**** DATA FOR THIS TASK ****

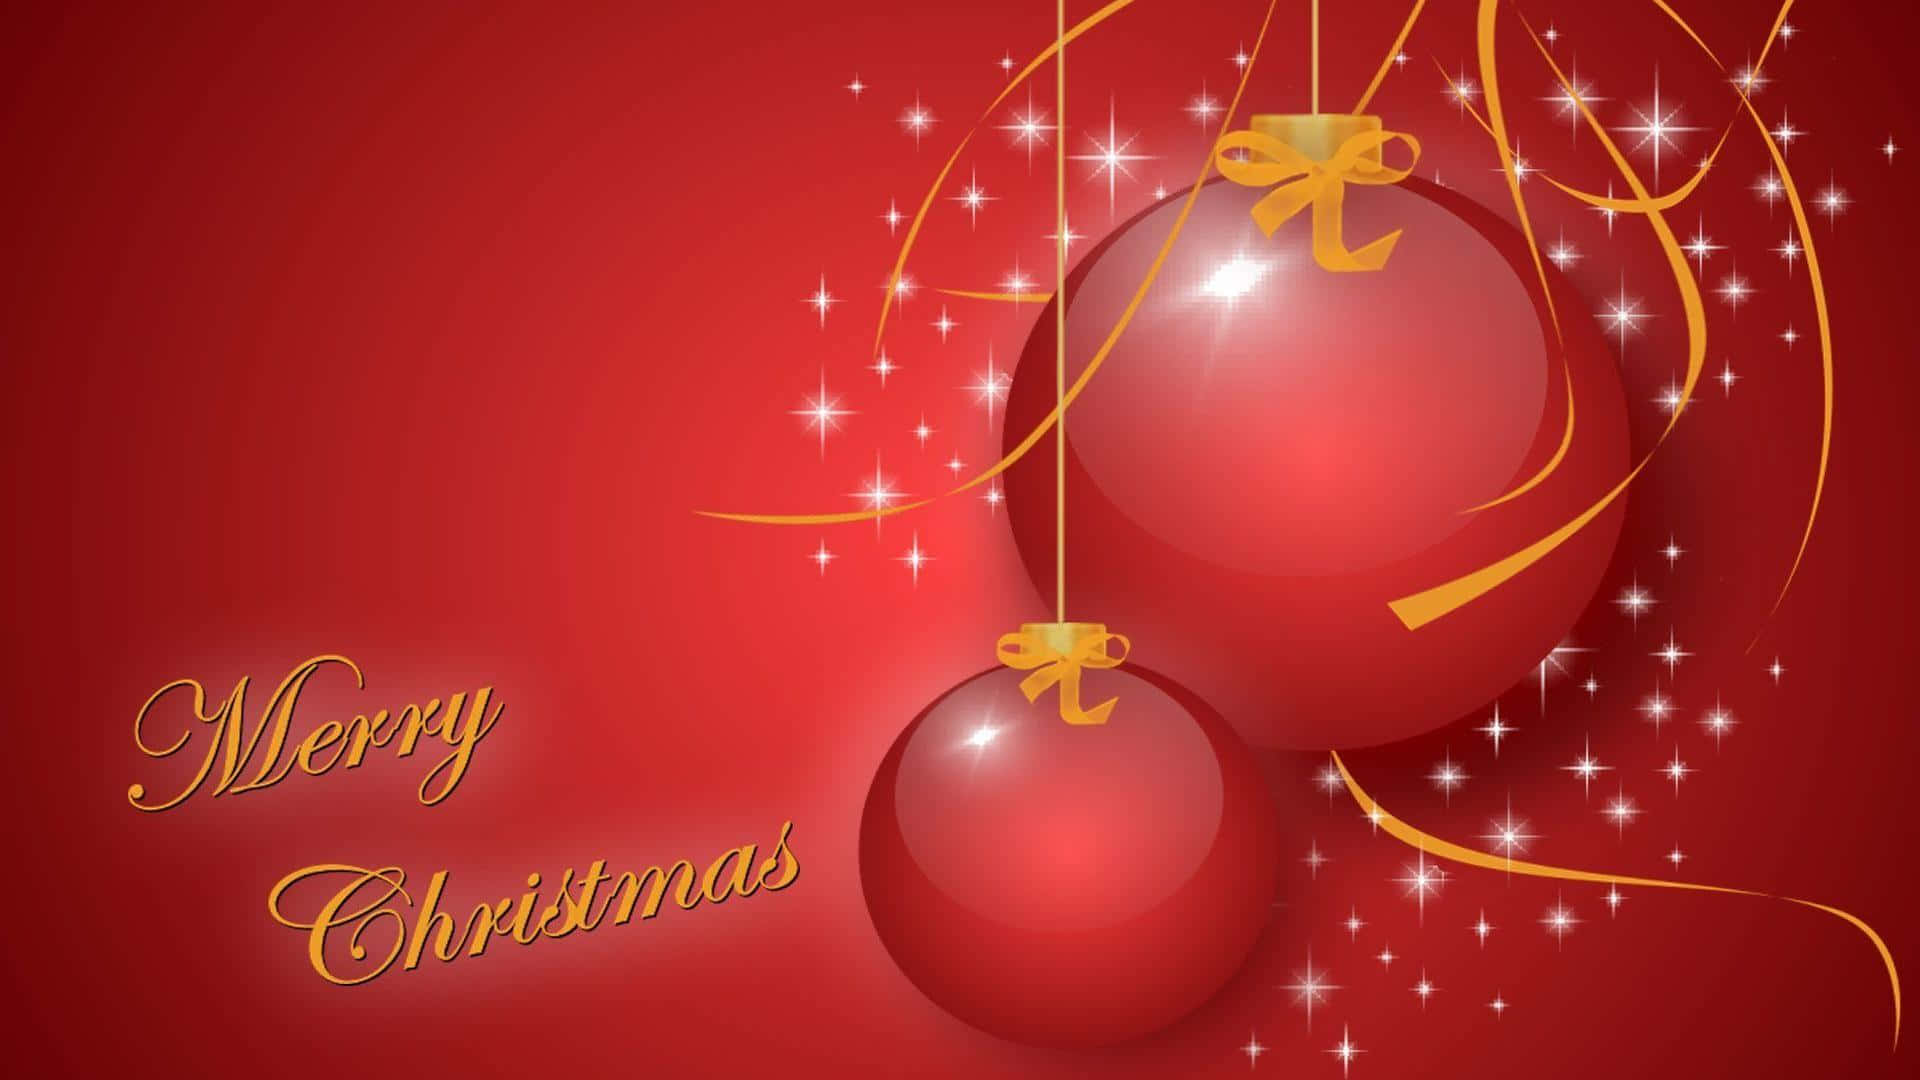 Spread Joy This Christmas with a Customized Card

****
**** DATA FOR THIS TASK ****

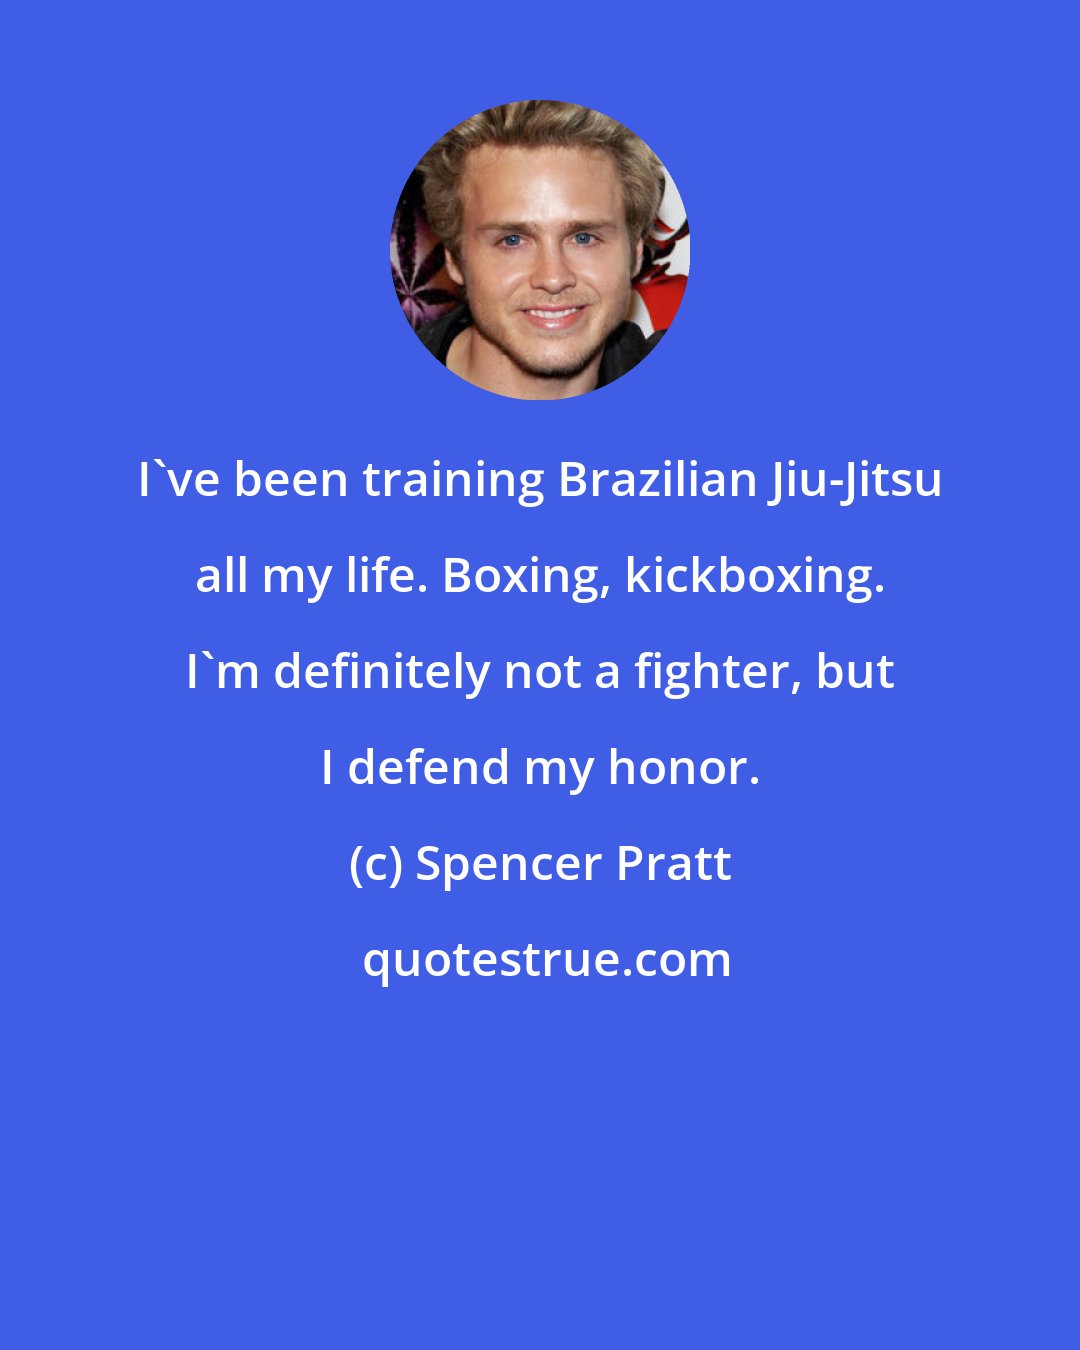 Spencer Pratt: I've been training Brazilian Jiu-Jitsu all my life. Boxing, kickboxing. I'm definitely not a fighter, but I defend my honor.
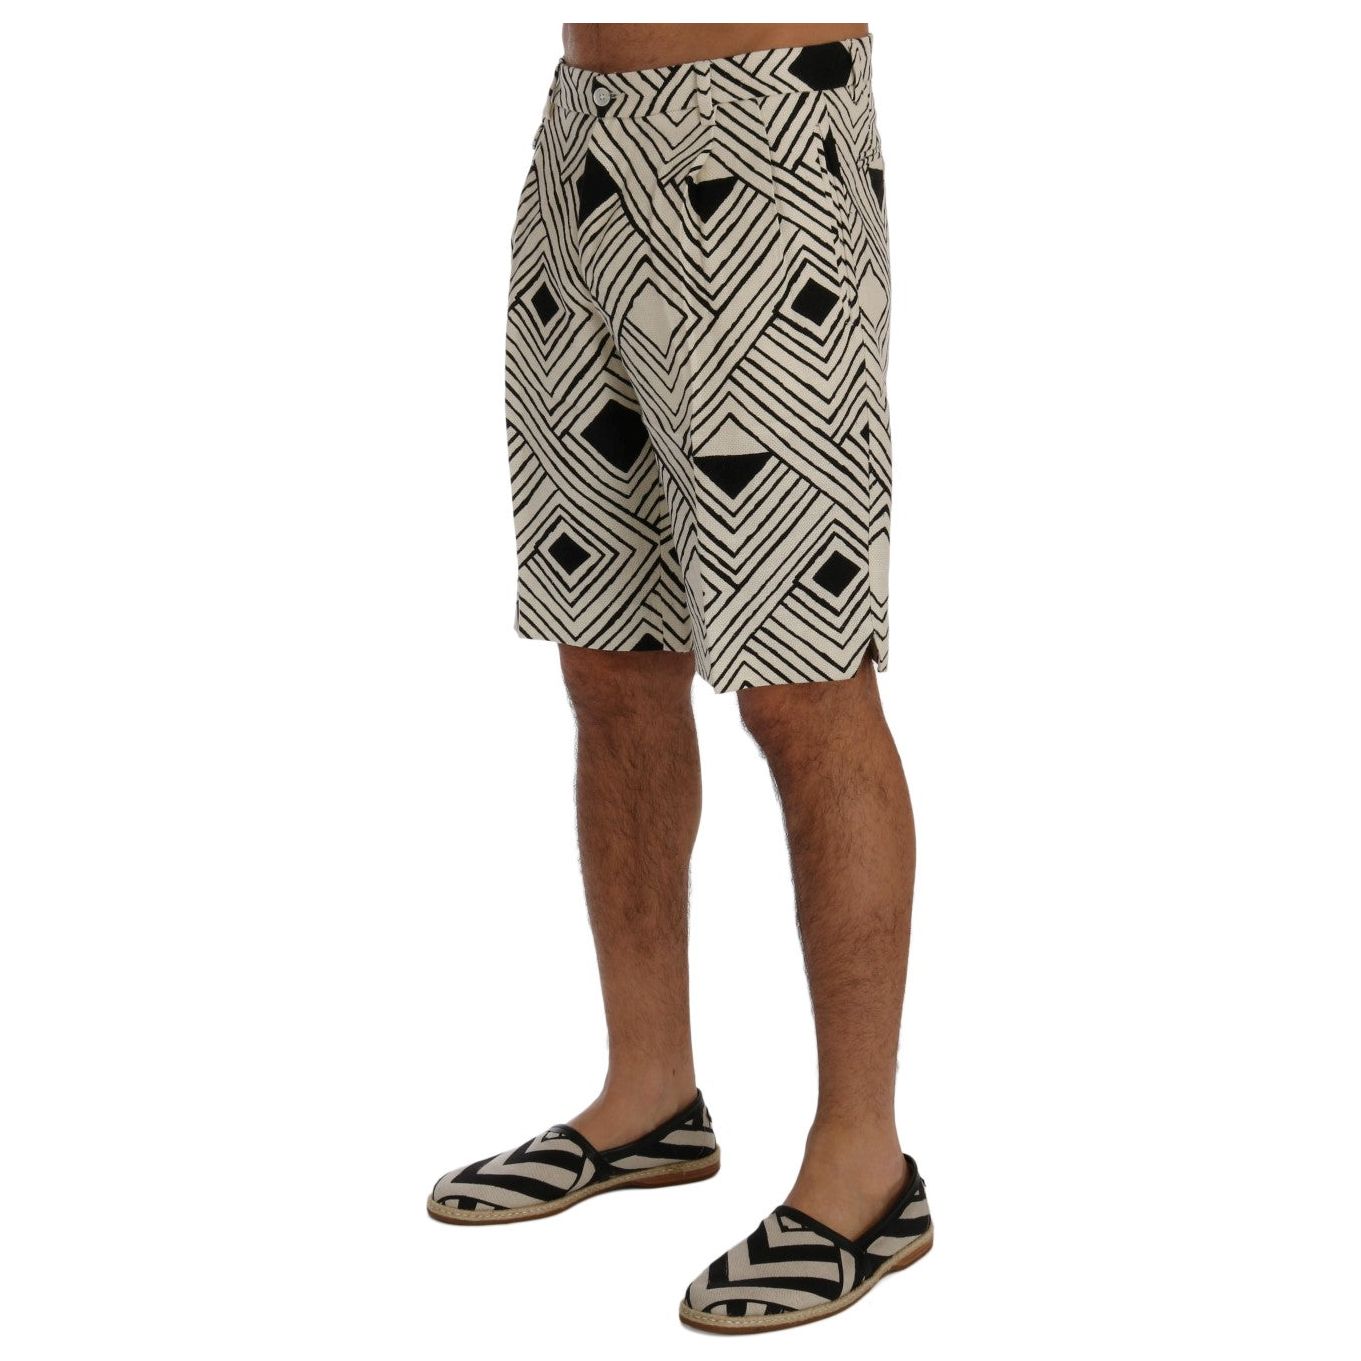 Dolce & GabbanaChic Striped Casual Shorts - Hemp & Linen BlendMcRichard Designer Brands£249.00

****

EXERCISE GOAL:
Everything above from the line containing "Spencer Pratt: I've" through the line containing "Dolce & GabbanaChic" must be repeated exactly, and the pictures must be left out.

RESPONSE:
 Spencer Pratt: I've been training Brazilian Jiu-Jitsu all my life. Boxing, kickboxing. I'm definitely not a fighter, but I defend my honor.
 Dolce & GabbanaChic Striped Casual Shorts - Hemp & Linen BlendMcRichard Designer Brands£249.00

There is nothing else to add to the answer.